* _Assignment_
The expected output is every line of the data exactly as shown, minus the images.

* _Given material_
%%
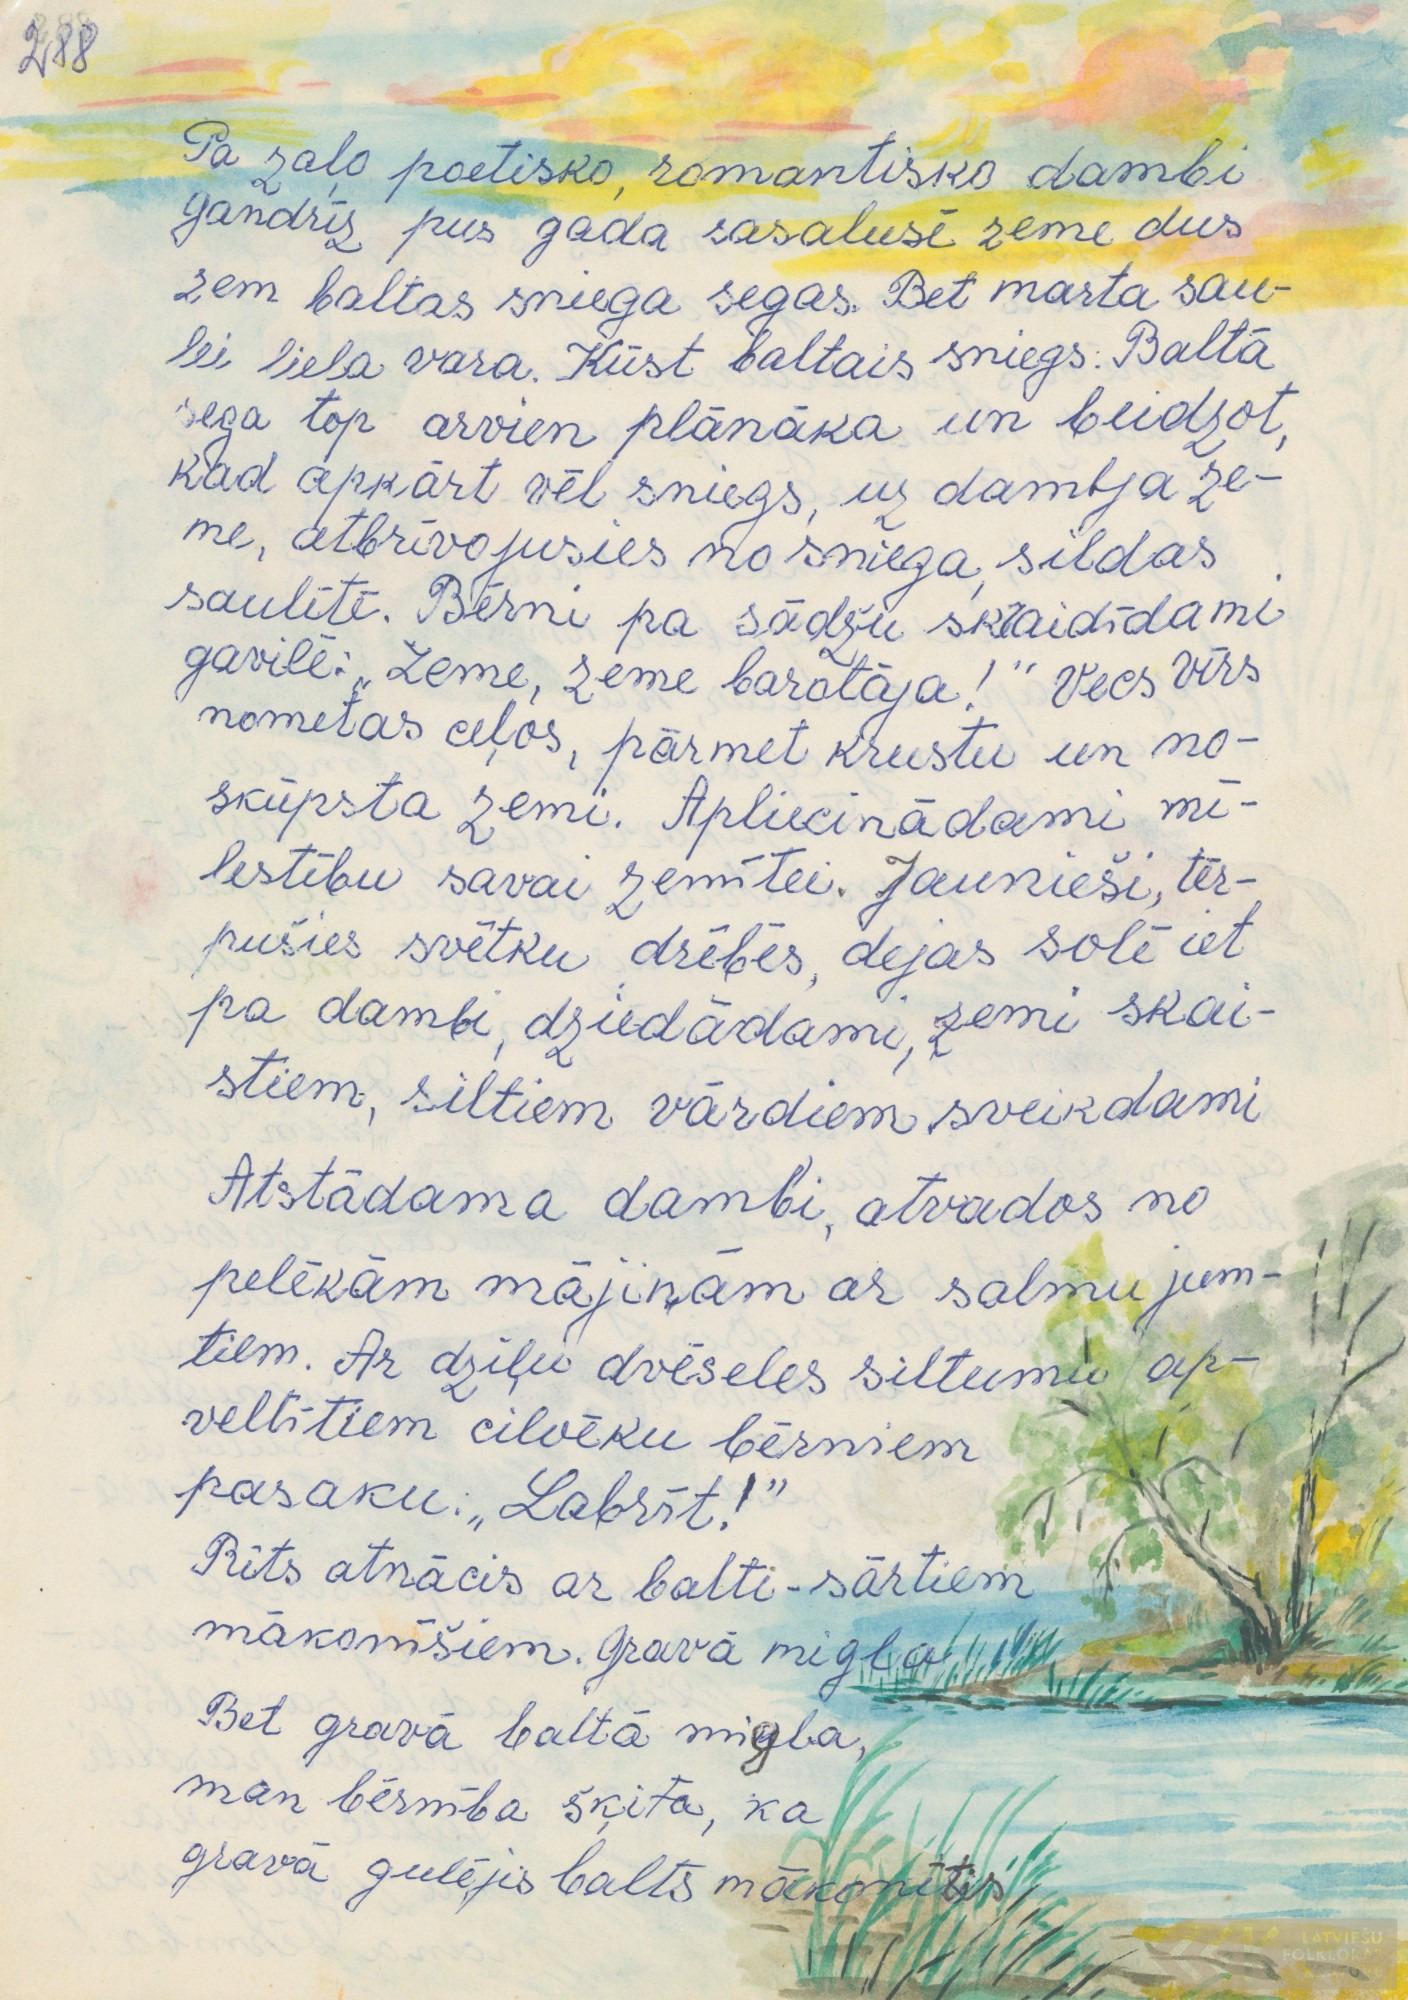 Ak55-Veltas-Vitolas-atminas-01-0574
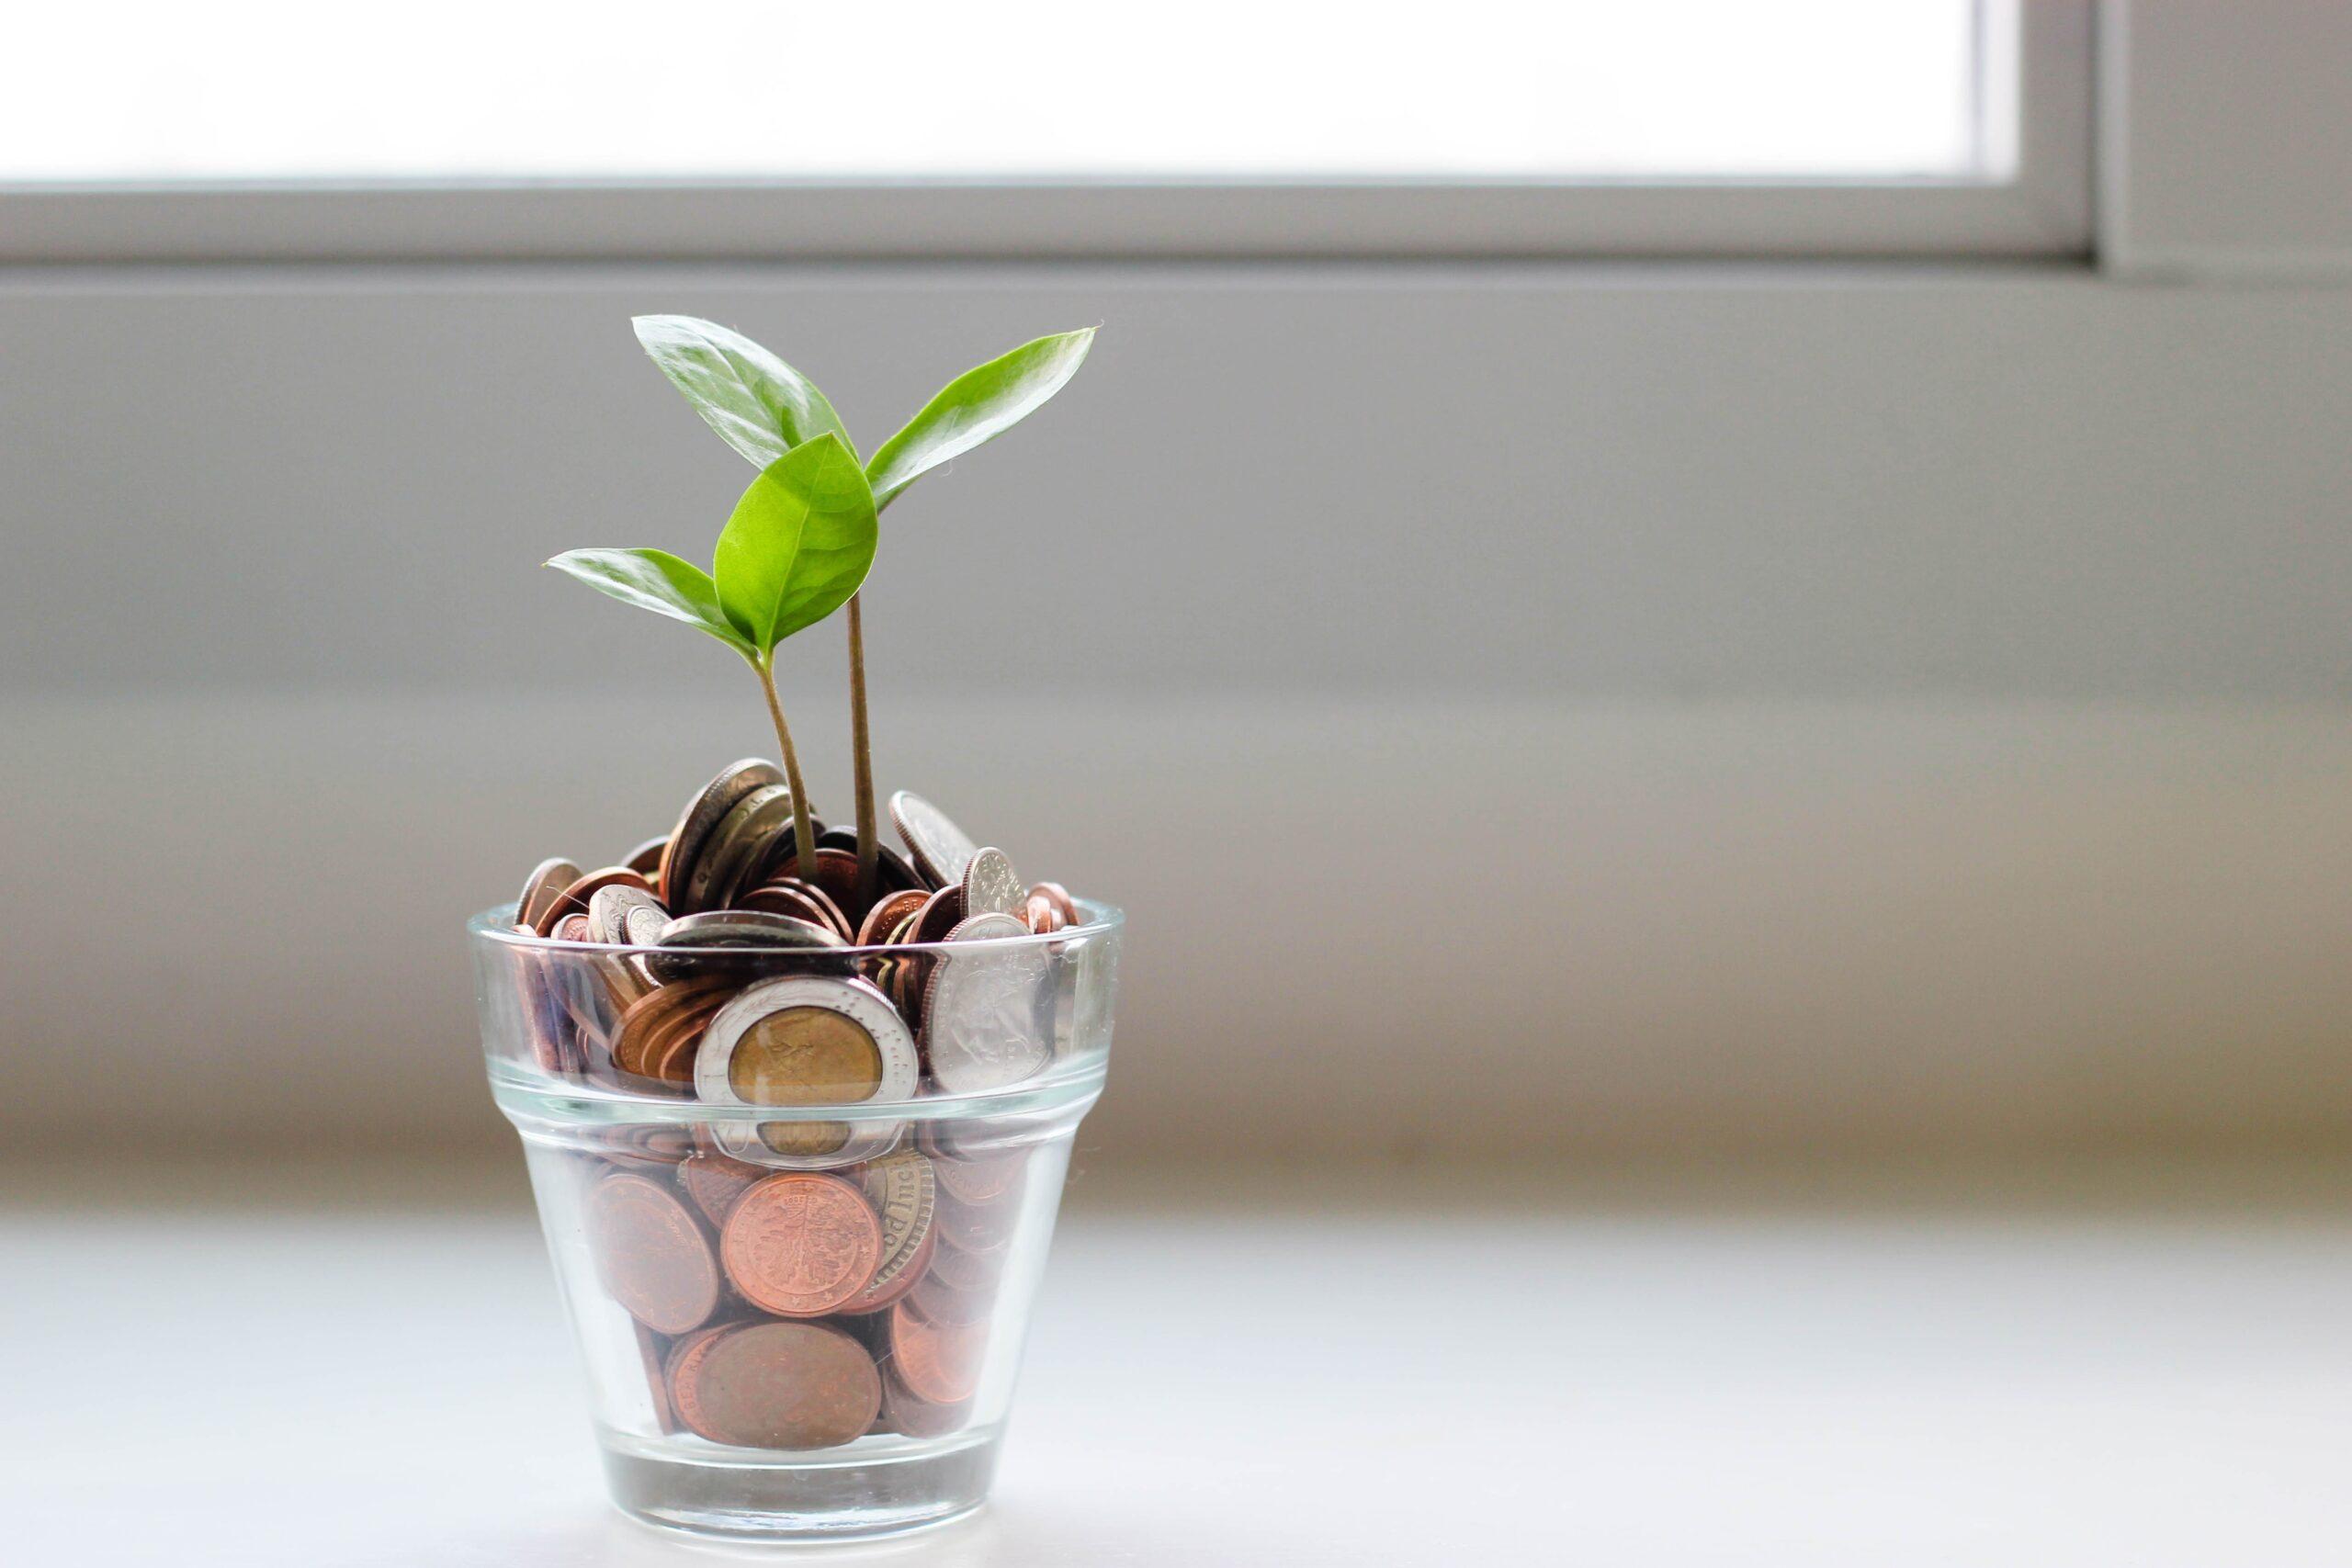 Przyjemność-praca-pieniądze – uzdrowienie relacji z pieniędzmi – 19-21 listopada
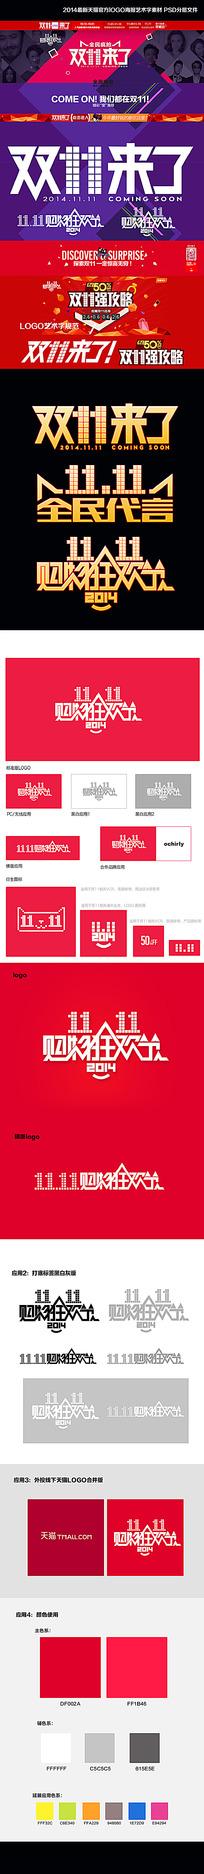 2014最新双11官方海报字体设计模板
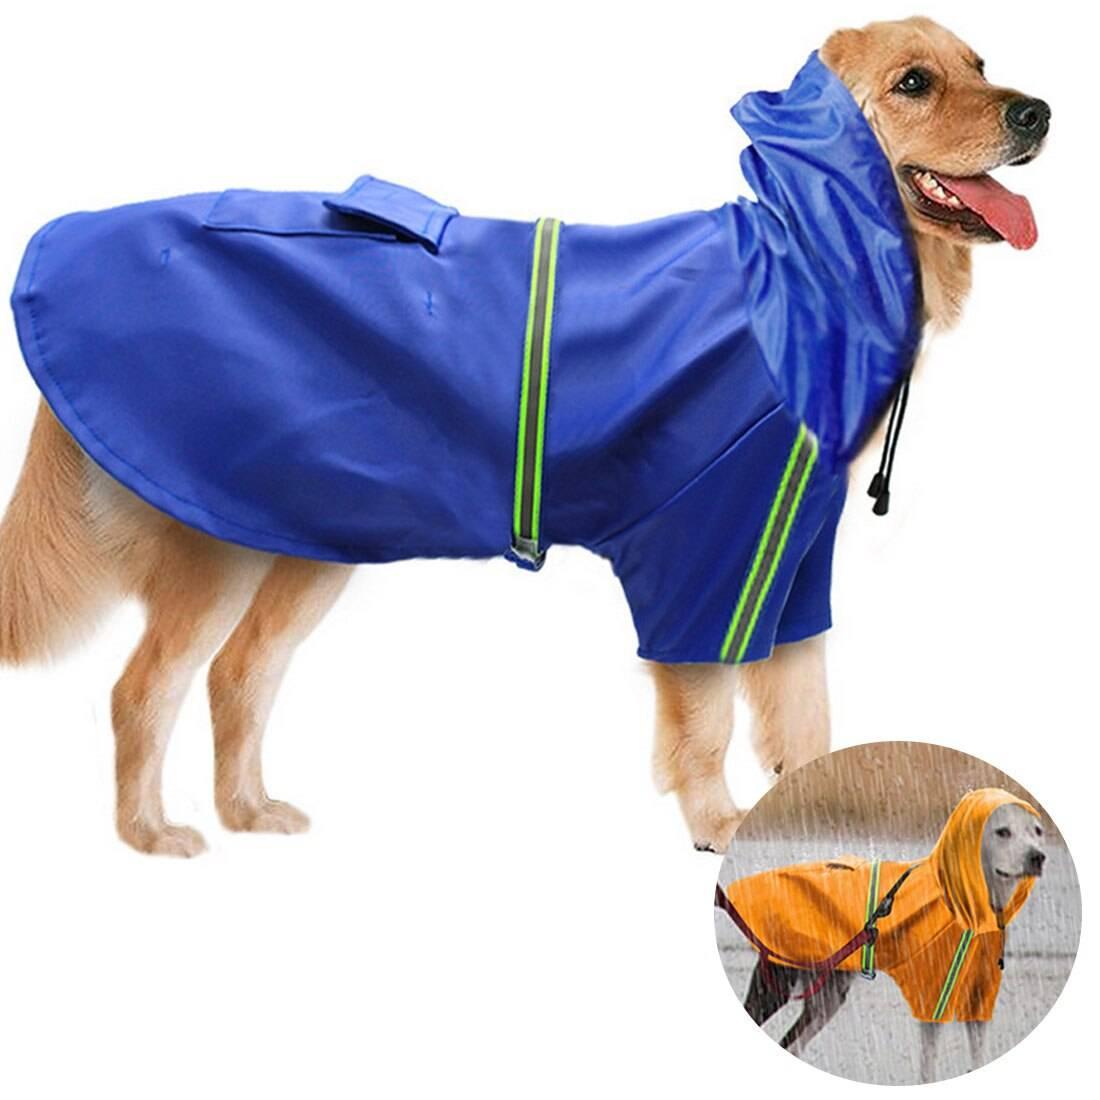 Редкие породы собак с фотографиями и названиями | petguru
%%
* _Result of the exercise_
 Ak55-Veltas-Vitolas-atminas-01-0574
 Przyjemność-praca-pieniądze – uzdrowienie relacji z pieniędzmi – 19-21 listopada
 2014最新双11官方海报字体设计模板
 Редкие породы собак с фотографиями и названиями | petguru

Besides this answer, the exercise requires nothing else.